The Canadian Highway Bridge Design Code (S6-14, 2014) considers a service life of 75 years for newly constructed bridge. What does this mean in engineering terms? It means that the bridges of the future should have satisfactory performance, both durability and structural, during the proposed life-cycle. This can be quite challenging when we look closely; the environment and environmental loading (i.e. snow, freeze and thaw cycles, corrosion, earthquakes, etc.) can change, the traffic can change dramatically, some unknown damage mechanisms can be detected, etc. To achieve such service life, a carefully reviewed design and detailing is required. This should be followed by high quality construction work. Finally, a systematic maintenance plan (as part of asset management) should exist to ensure that the performance objectives are met at all times. so what does the future of bridge inspection look like?
The Future of Bridge Inspection
In Canada, routine maintenance is and should be a top priority. Harsh winter condition is a huge challenge in meeting the requirements of 75 years life span. This clearly shows the importance of a well-planned maintenance work. The maintenance plan should be implemented at the very beginning, when, for example, the bridge opens up to traffic and public uses. A maintenance plan includes both the routine and comprehensive inspections. When symptoms of a damage mechanism are observed during the routine and comprehensive inspections, an immediate and in-depth inspection (damage inspection) is scheduled in order to further evaluate the source, amount, effect, and future potential of the damage mechanism. For example, the Ontario Structure Inspection Manual (OSIM, 2008) requires that all bridges and culverts of 3 meters or greater shall be inspected through a detailed visual inspection. The OSIM or PWGSC Bridge Inspection Manual (BMI) presents the requirement and procedure of a detail visual inspection for concrete structures, specifically Bridge structures.
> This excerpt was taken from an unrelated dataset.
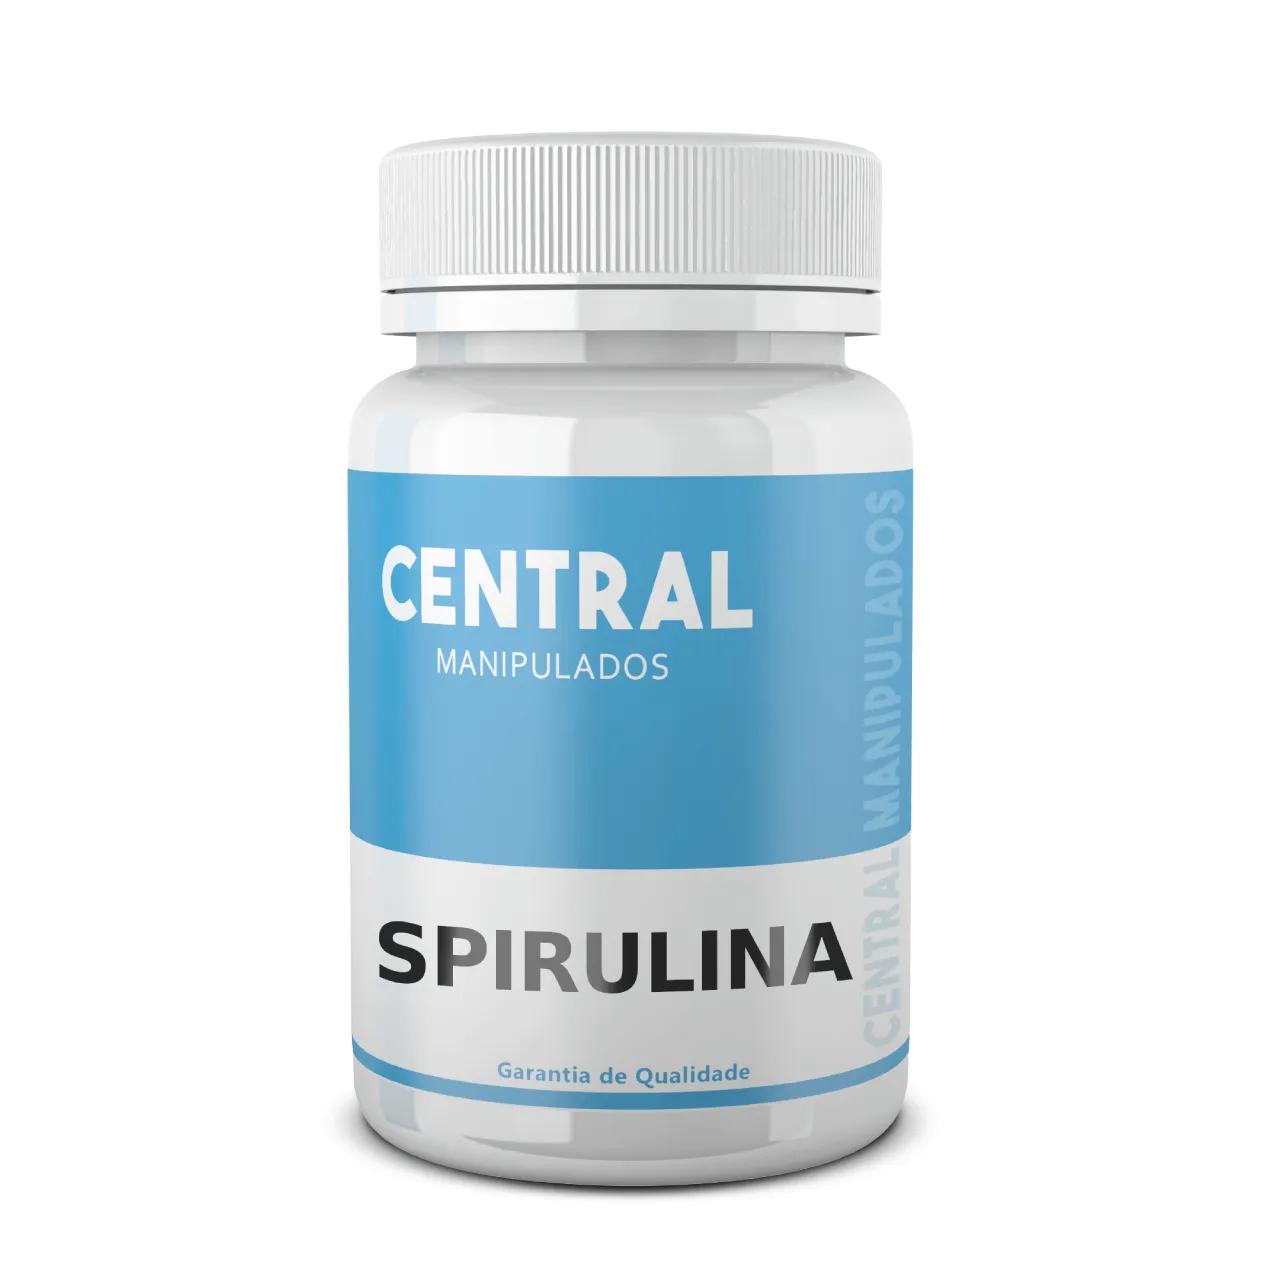 Spirulina 500mg - 60 cápsulas - Inibidor de Apetite, Promove saciação, Melhora a saúde digestiva e gastrintestinal, Reforço para Imunidade

Regardless of inspection type, an element-by-element close up visual evaluation and examination (visual inspection) is strongly recommended at the very first stage of the inspection. This is recommended because most of abnormalities due to a damage mechanism have apparent and visual signs. Moreover, the visual inspection can help to figure out the test plan needed for an inspection project.
Visual inspections, however, can be inadequate for detecting early damages in concrete bridges. Normally, signs of damages occur only when it is really late. For example, ASR cracks may happen after 20-30 years of construction. Corrosion induced cracks can only become visible when it is already too late.
NDT Methods for Bridge Inspection
NDT methods can be helpful in detecting damage mechanism at early stages, when no apparent sign is observed. The early detection of damages minimizes the cost of maintenance work. More important is that the condition assessment of concrete structures by NDT methods are not only limited to those types of degradation that have apparent signs at the surface. NDT methods can be used in routine inspection projects; they can be used to follow up the state of damages in periodical checks. The other advantage of NDT methods is that they can be performed by minimum intervention to the structure. This helps prevent aggravating the problems in already damaged structure. NDT methods can be used to assess the condition of elements that do not have easy access. One example is the deep foundations or mass concrete structures.
Different NDT methods can be used to detect different damage mechanism. For example, a group of acoustic methods can be used to detect cracks and delamination in concrete. Radar techniques can be used to detect voids, location of rebar, etc. The important question is how to select the best NDT techniques for a specific project.
The relevant NDT method is selected based on the project goals and objectives. In other words, the best NDT method for a damage mechanism is subjected to type, nature and origin of the damage mechanism. For instance, electrochemical methods are more applicable for quantifying the real time corrosion rate and future corrosion potential of steel rebar, while the acoustic methods are mostly fit to evaluate the corrosion side effects such as extent of cracks and delaminated areas due to corrosion of steel rebar.
Structural Health Monitoring for Bridge Structures
The deployment of smart structural health monitoring solutions has already started to shape the future of bridge inspection. Internet of Things, smart sensors, and wireless connectivity have made these systems cost-effective, and easy to implement.
The SHM systems can provide real-time data about different aspect of structural properties, changes in the environment, and help maintenance managers with data driven decision making tools.
Development of Micro-Electro-Mechanical Systems (MEMS), along with modern wireless communication platforms such as Bluetooth 5 and 5G will pave the pave for more practical SHM solutions. Data analysis is far easier than before with the help of cloud computing and big data, which would help translate the large poll of data into decision making tools for engineers and owners.